How Conversational AI Can Speed Up Your Time to Insight
Editor's note: Automated speech-to-text transcription, edited lightly for clarity.
On June 21, 2023 Human Listening™ gave a webinar on conversational AI and how it can help to speed up time to insight, especially with qualitative research. They talked a lot about the chatbot's ability to have a conversation as if it were two humans talking to each other. The speakers also talked about the best ways to analyze the data collected through conversational AI.
Watch the full video or read the transcript below from June’s Wisdom Wednesday session with Human Listening ™.
Webinar transcription:
Joe Rydholm:
Hi everybody and welcome to our webinar from “Text to Talk, how conversational AI can Speed Up Your Time to Insight.”
I'm Quirk’s Editor, Joe Rydholm and before we get started, let's quickly go over the ways you can participate in today's discussion. You can use the chat tab to interact with other attendees during the session and you can also use the Q&A tab to submit questions to the presenters during the session and we'll answer as many of them as we have time for during the Q&A portion.
Our session today is presented by Human Listening™, enjoy the webinar.
Chris Barry:
Hi, I'm Chris and I run the Human Listing™ Business for the Evolve Group. I've spent my career on both agency and client side in insights and analytics roles, connecting stakeholders to their consumers, customers, members and employees to help deliver better commercial outcomes.
Human Listening™ is an AI powered insights platform focused on creating a meaningful engagement with your consumers. It has a suite of applications to do this from scripting and deploying surveys to analyzing data and visualizing it in dashboards.
I'm joined on the webinar today by Gabe McElwaine, VP of sales for Human Listening™. Gabe has been in the insights industry for many years, more recently, bringing AI based solutions to the market to help drive growth for organizations.
Today we are here to talk to you about conversational AI and EVE, our conversational AI companion with applications to build control and integrate conversational AI into your research program. You can uncover deeper insights and emerging trends that will help you make smarter business decisions.
After we finish the presentation, we'll be online to cover any questions you may have.
We started Human Listing™ as we continually heard complaints around standard quantitative surveys. I think everyone here understands that surveys alone just aren't getting the job done for all the reasons that you're seeing on screen.

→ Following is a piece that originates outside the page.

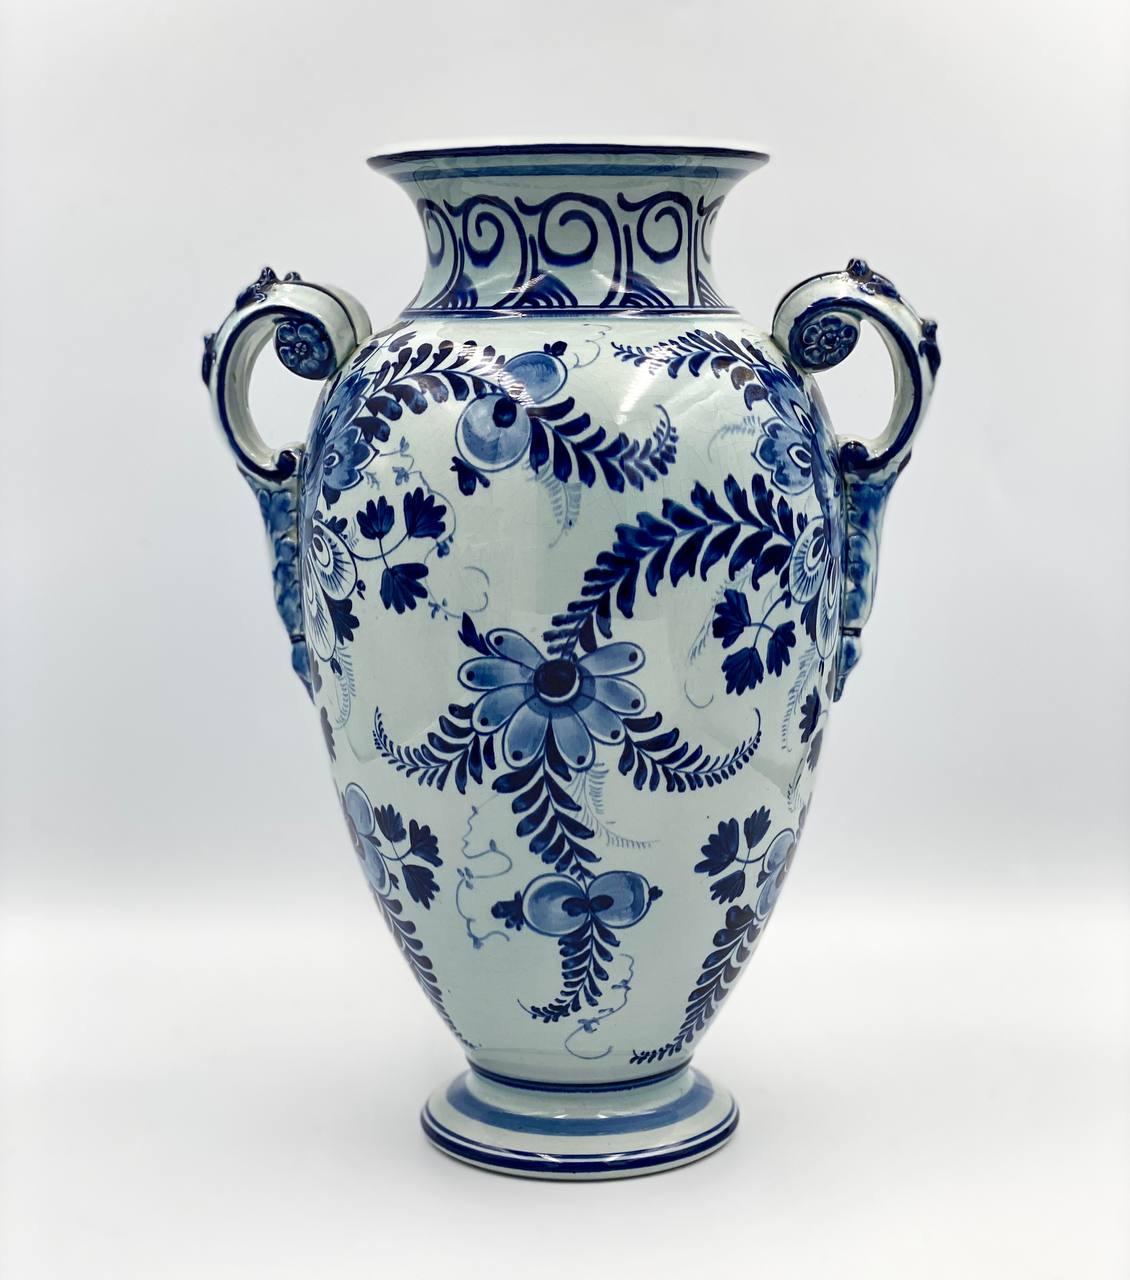 Faience Absolutely Antique Blue Vases Delft Bonnie  Set Of Three, Germany, 1890-1900 For Sale

Now, not only are the results companies get less and less reliable, but participants are less and less interested in clicking boxes and choosing responses that someone else has scripted. So probably more of a rhetorical question, but who here really loves doing online surveys?
I'm pretty sure we've all heard presentations over the years on the difficulties of surveys from programming to respondent experience to bots and everything else. If we met now and I wanted to get to know you, I wouldn't ask you to do a survey. I'd have a conversation with you and begin to build a relationship. So why do we force our customers to do it this way?

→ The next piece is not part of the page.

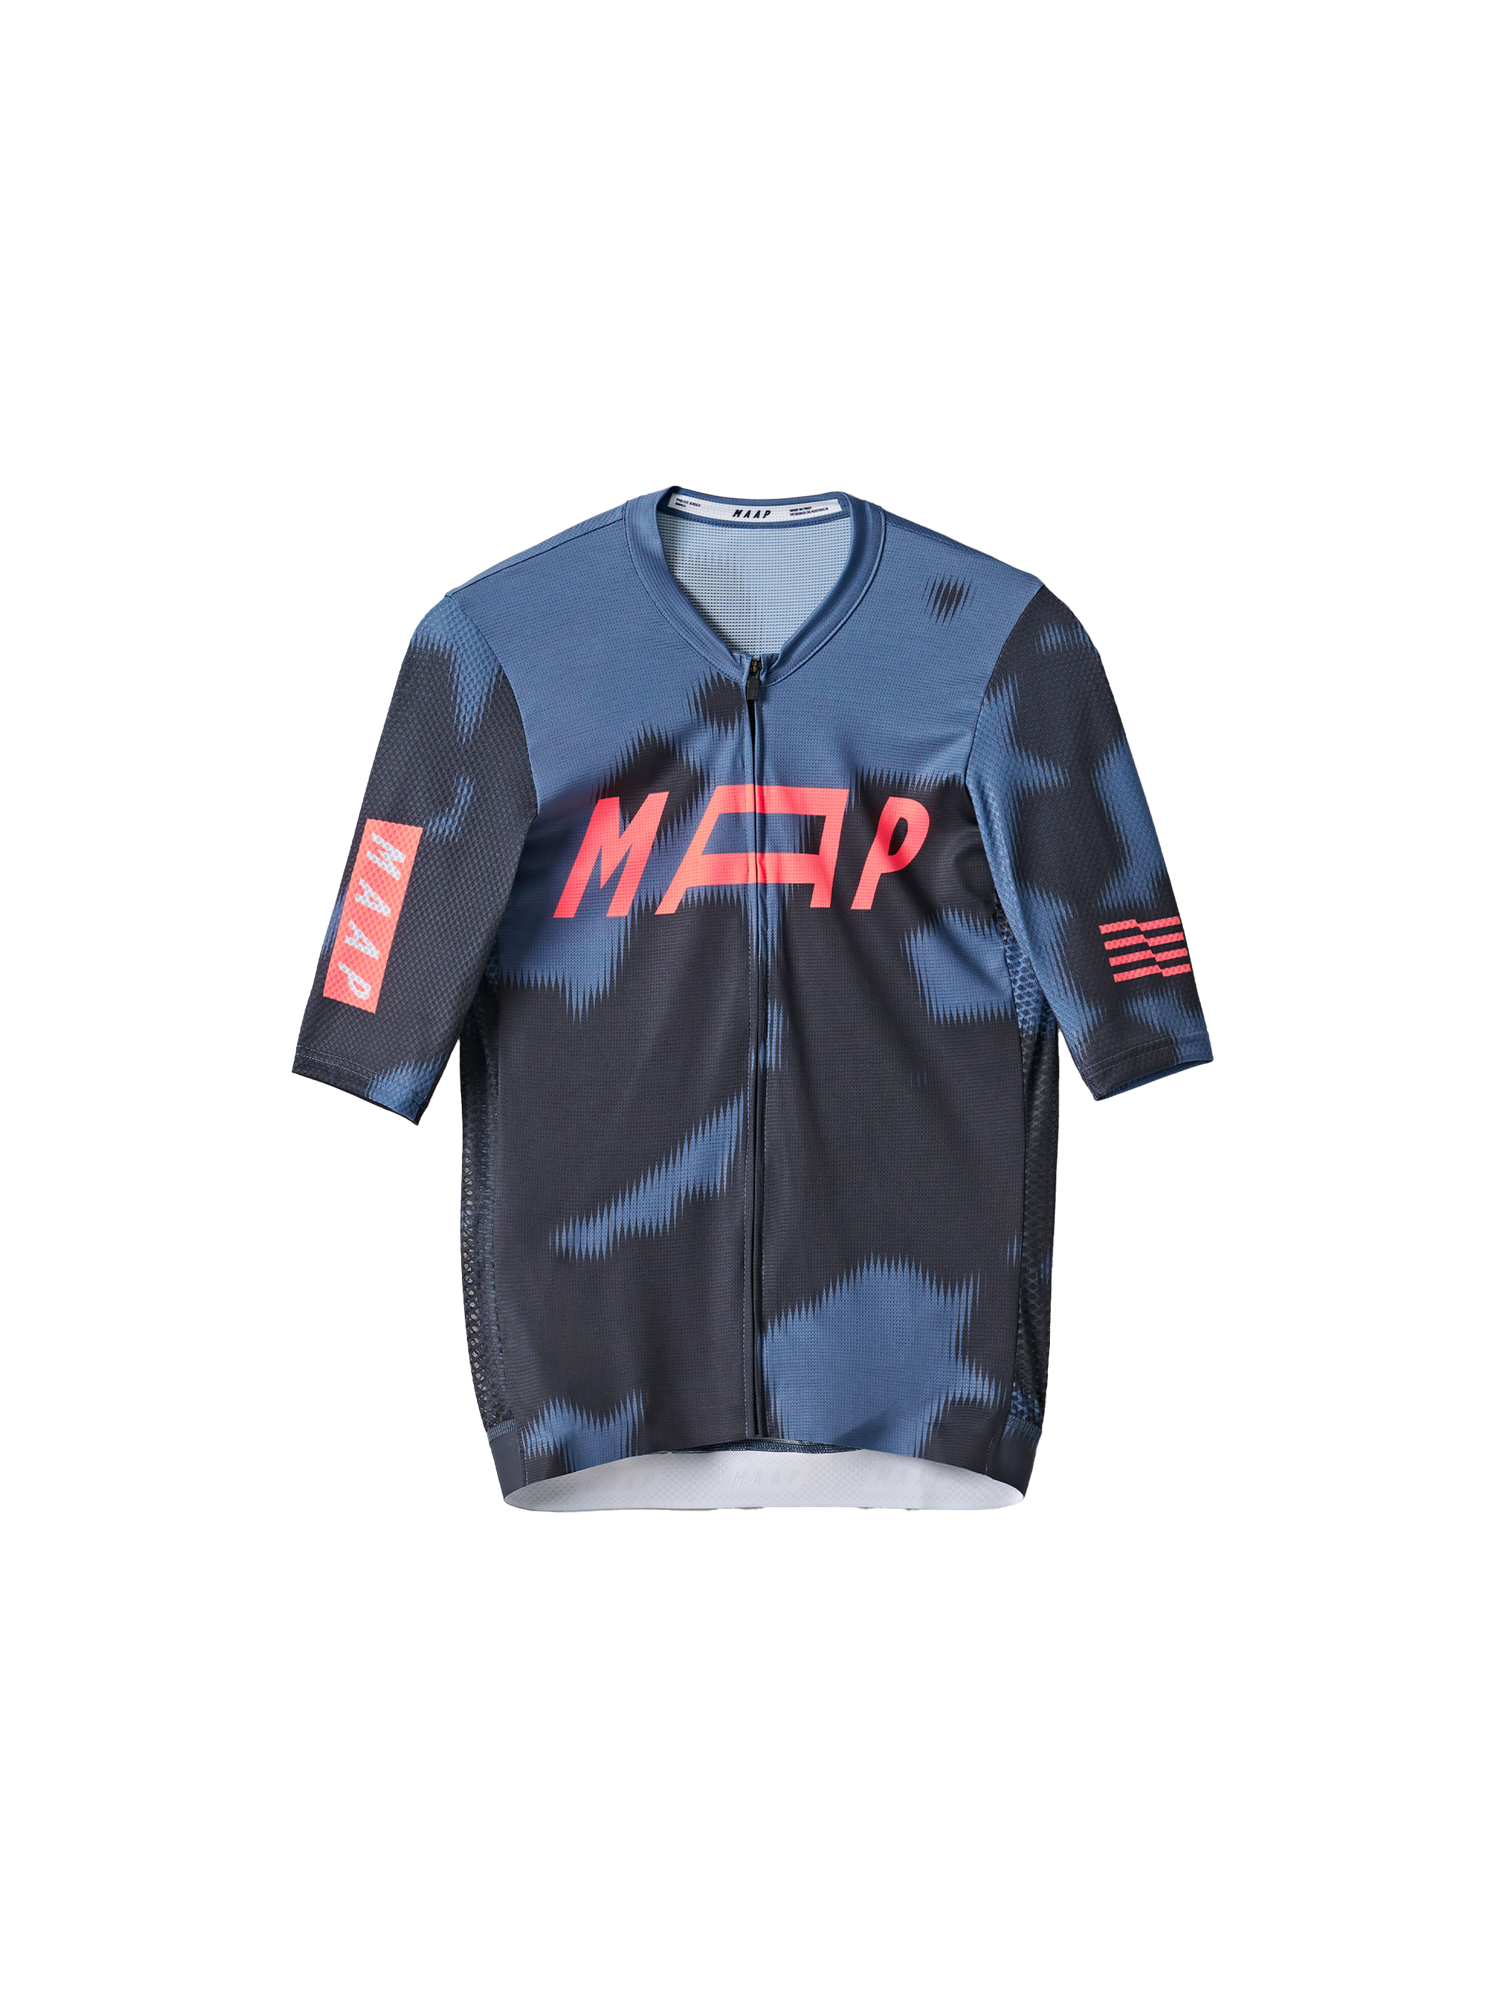 Privateer H.S Pro Jersey

And when you think about it, this problem isn't insignificant. When organizations want to have human to human interactions, they tend to run things like focus groups, but they don't scale.
And when you're looking to support business cases, organizations often lean to quantitative methods which will give you the what but not the why. They lose the human engagement.

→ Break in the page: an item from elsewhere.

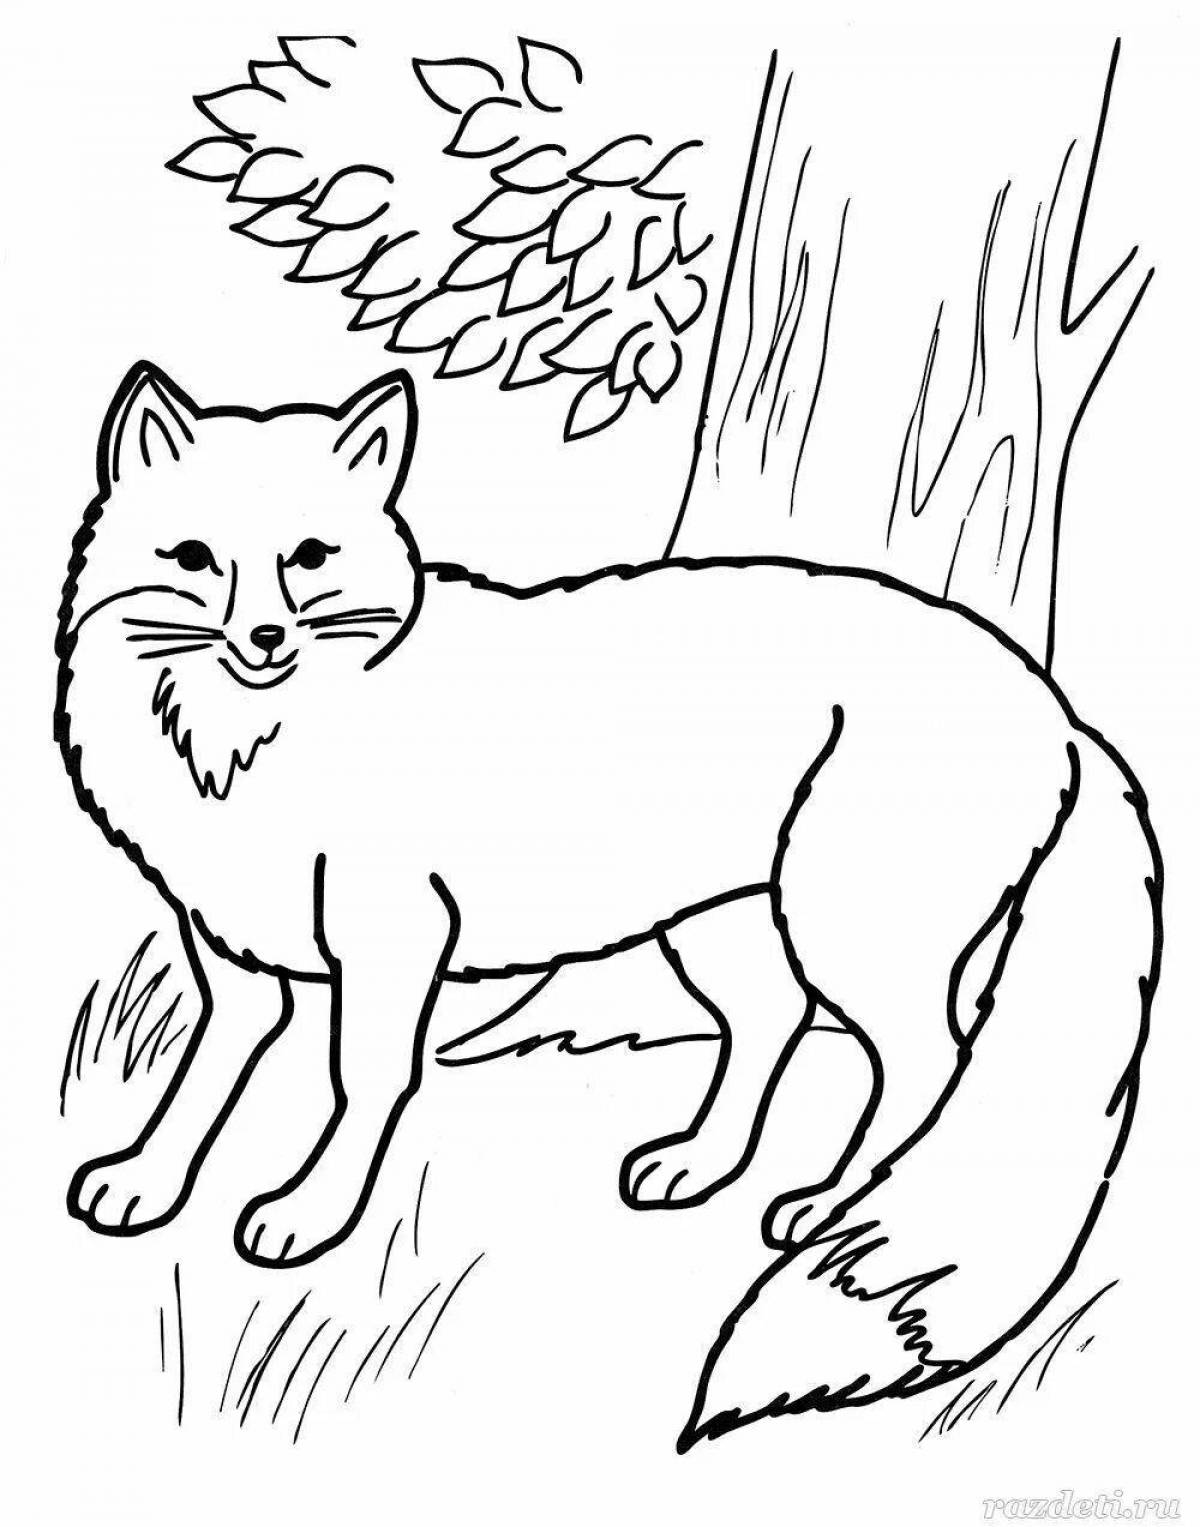 Glamorous forest animals coloring book for 6-7 year olds

Human Listening™ delivers human engagement at scale. In essence, conversational AI can be the unifying element that bridges the gap between knowing and understanding your target audiences. And whilst we've been using other large language models to build the application of conversational AI and market research for over five years now, it's the leap in both acceptance and skepticism that places us here with you today. How do we harness the power of conversational AI in this industry? That is latching on to open AI's GPT models.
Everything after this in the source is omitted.